### Dataset content
_ _ _ _ _ _ _

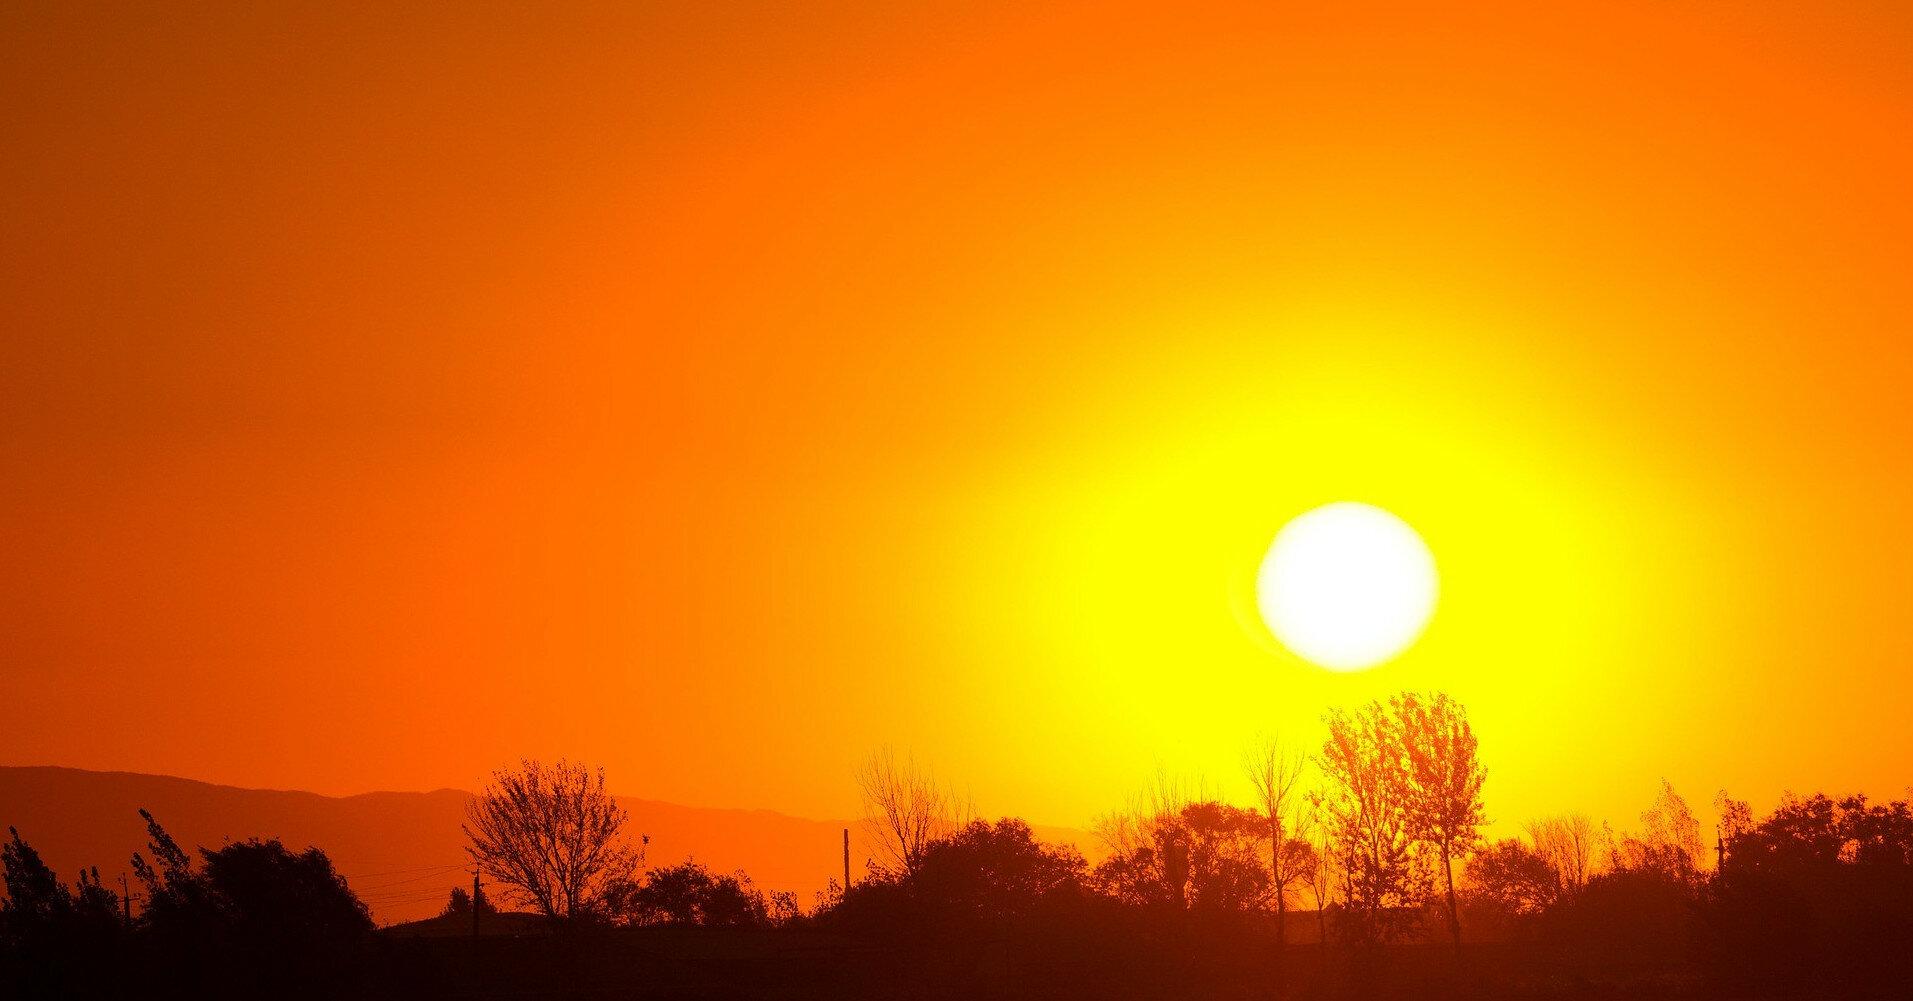 В ООН предупредили о последствиях изменения климата
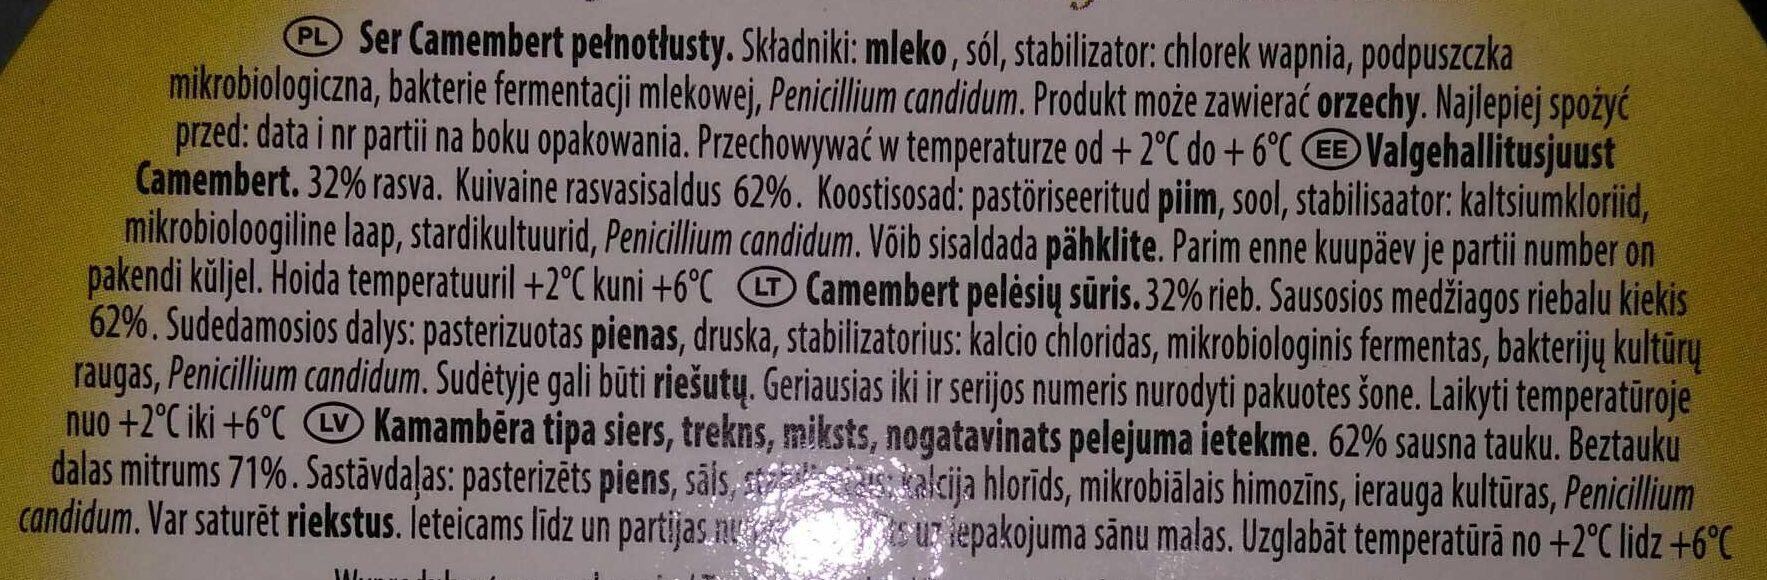 Camembert - Ingredients - lt
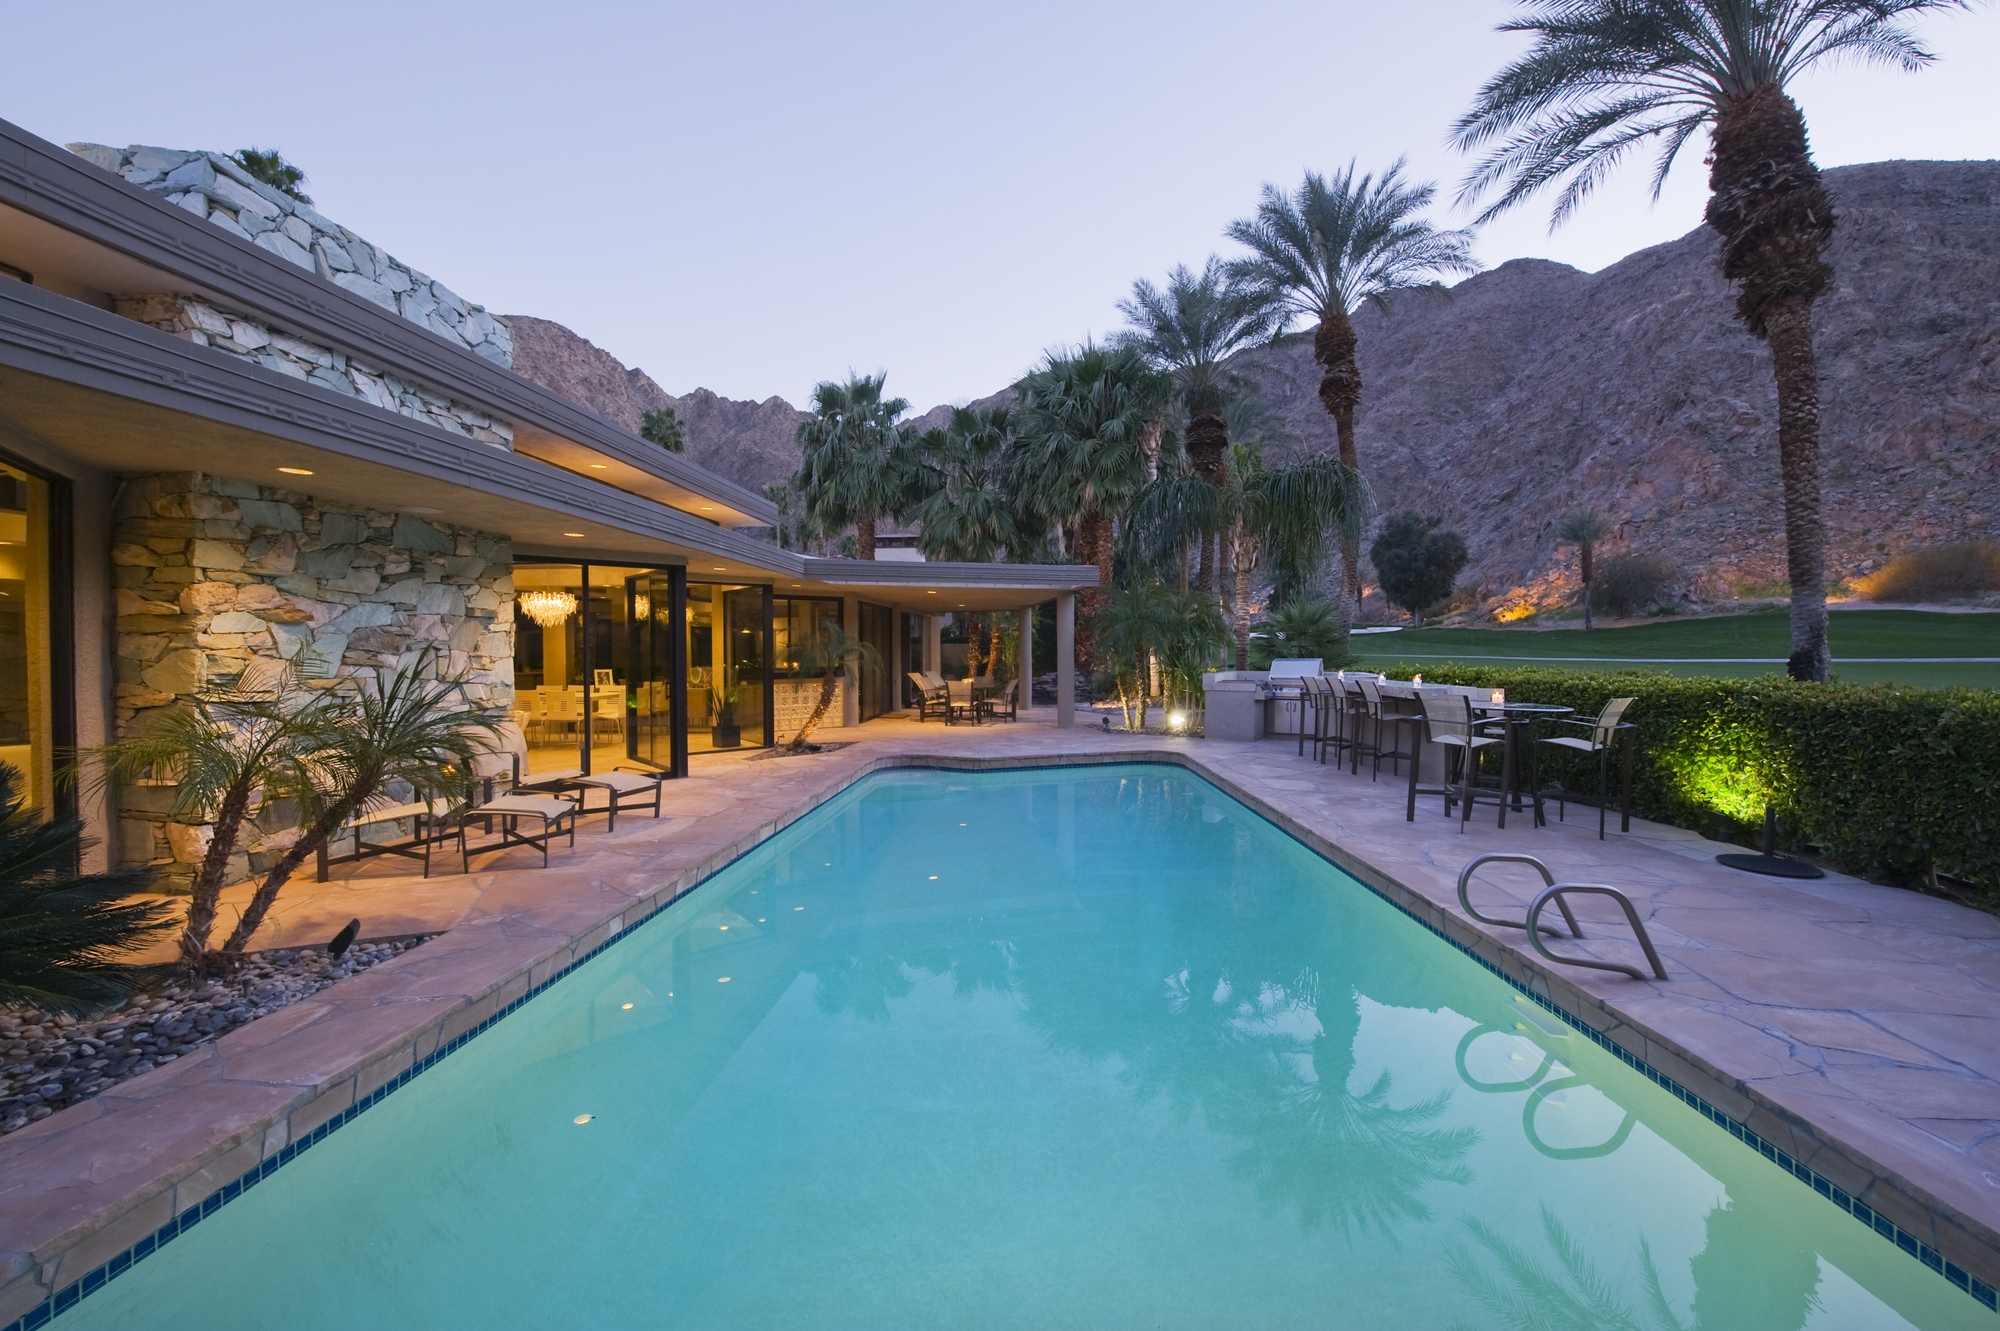 Swimming pool exterior

_ _ _ _ _ _ _

Print the material verbatim; drop the pictures.

### Result of the task
 В ООН предупредили о последствиях изменения климата
 Camembert - Ingredients - lt
 Swimming pool exterior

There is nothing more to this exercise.